A colossal torii (Shinto gate) visible from far and wide greets visitors to the shrines. Inside the gate, visitors can pray at the famous Kaguraden, a unique structure featuring the largest shimanewa (straw rope placed outside Shinto shrines) in the world. The rope is over 13.5 meters long and weighs more than 5 tons. Nearby is the Shoukokan, a structure that houses such relics as paintings and prints, weapons, jewels, and various other items of daily use from long ago.

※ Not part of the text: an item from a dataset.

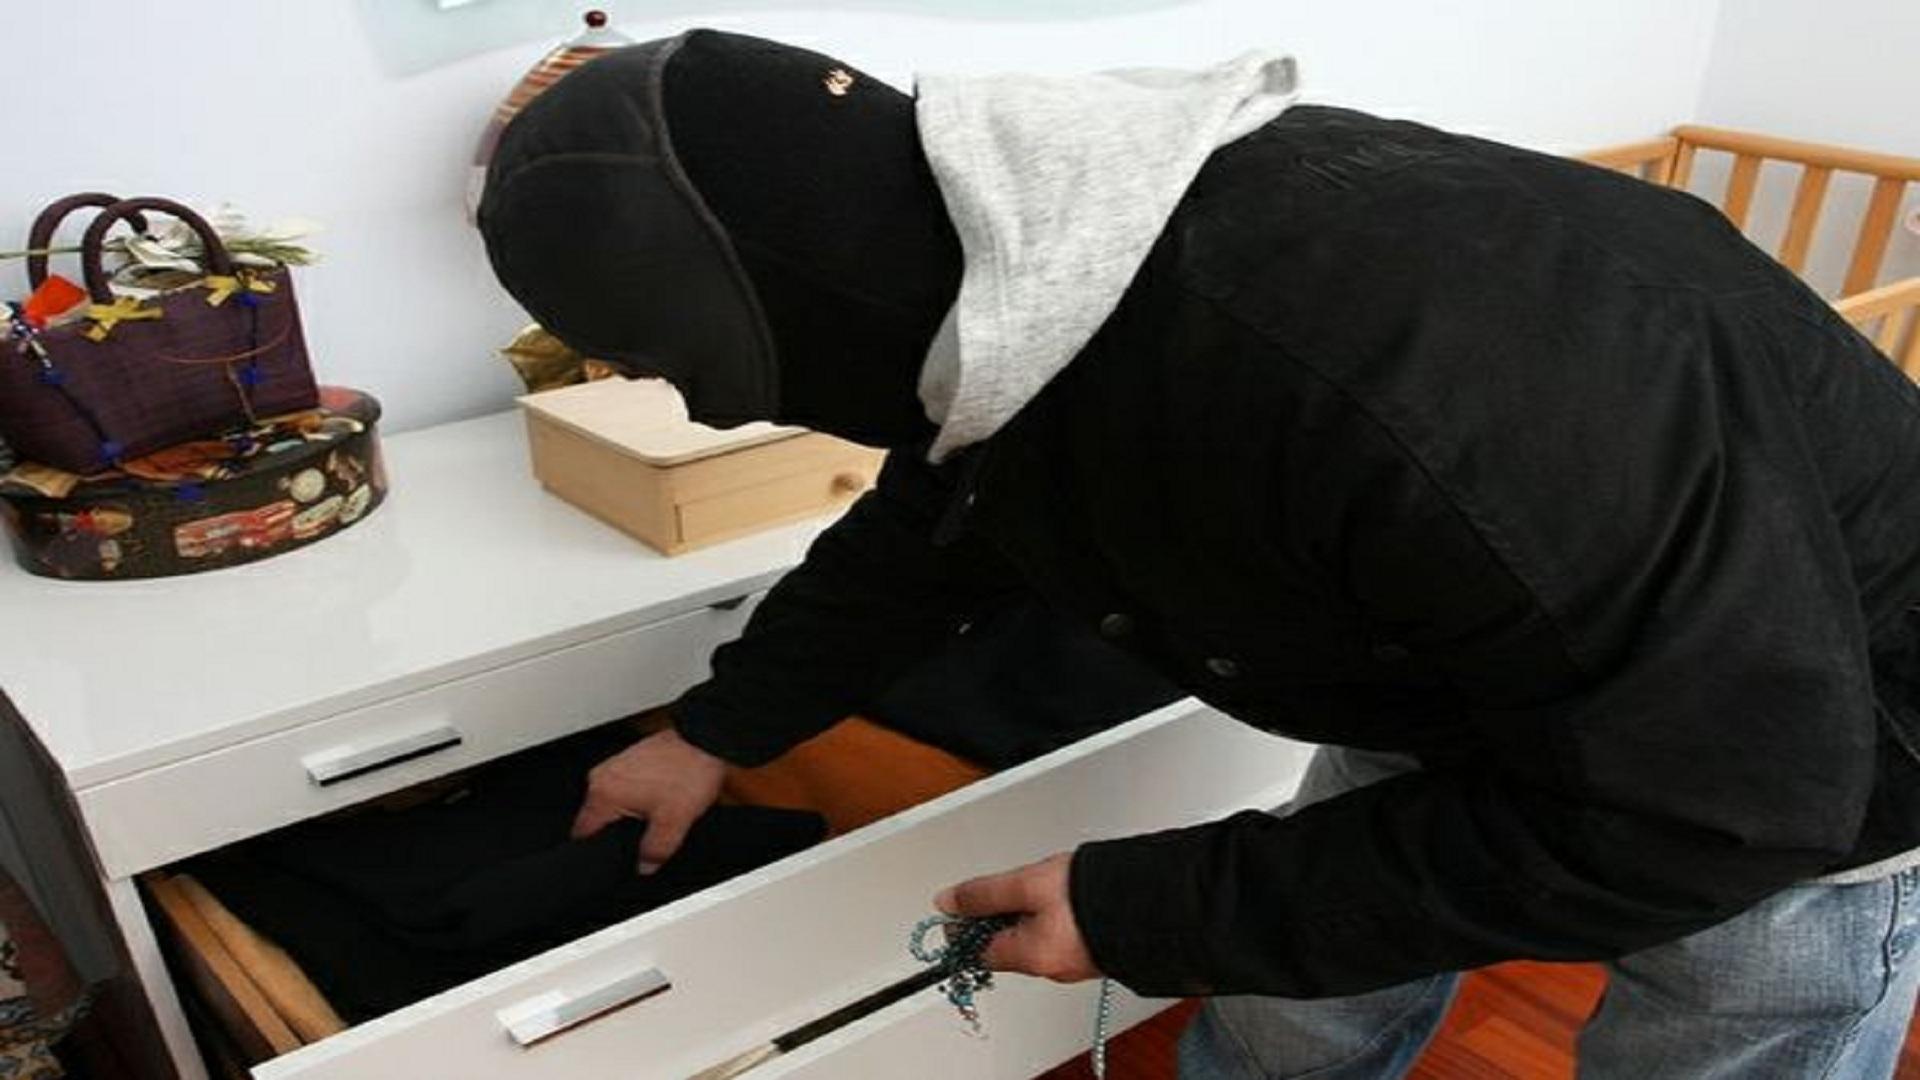 Allarme furti in appartamento: ecco come proteggersi

Izumo Taisha hosts a variety of festivals year round. It is home to the Imperial Festival every May 14 – 15; the Omike Festival every January 1; the Fukumukae Festival every January 3, the Beginning Sermon Festival on January 5; the Kikoku Festival on February 17; the Kyoso Festival on April 1; the Suzumidono Festival on June 1; and the Izumo Oyashiro-kyo Religion Festival on August 6 – 9. A visit to The Grand Shrine is a must for travelers to the San’in Region, and a must for anyone with an interest in Japanese history and culture.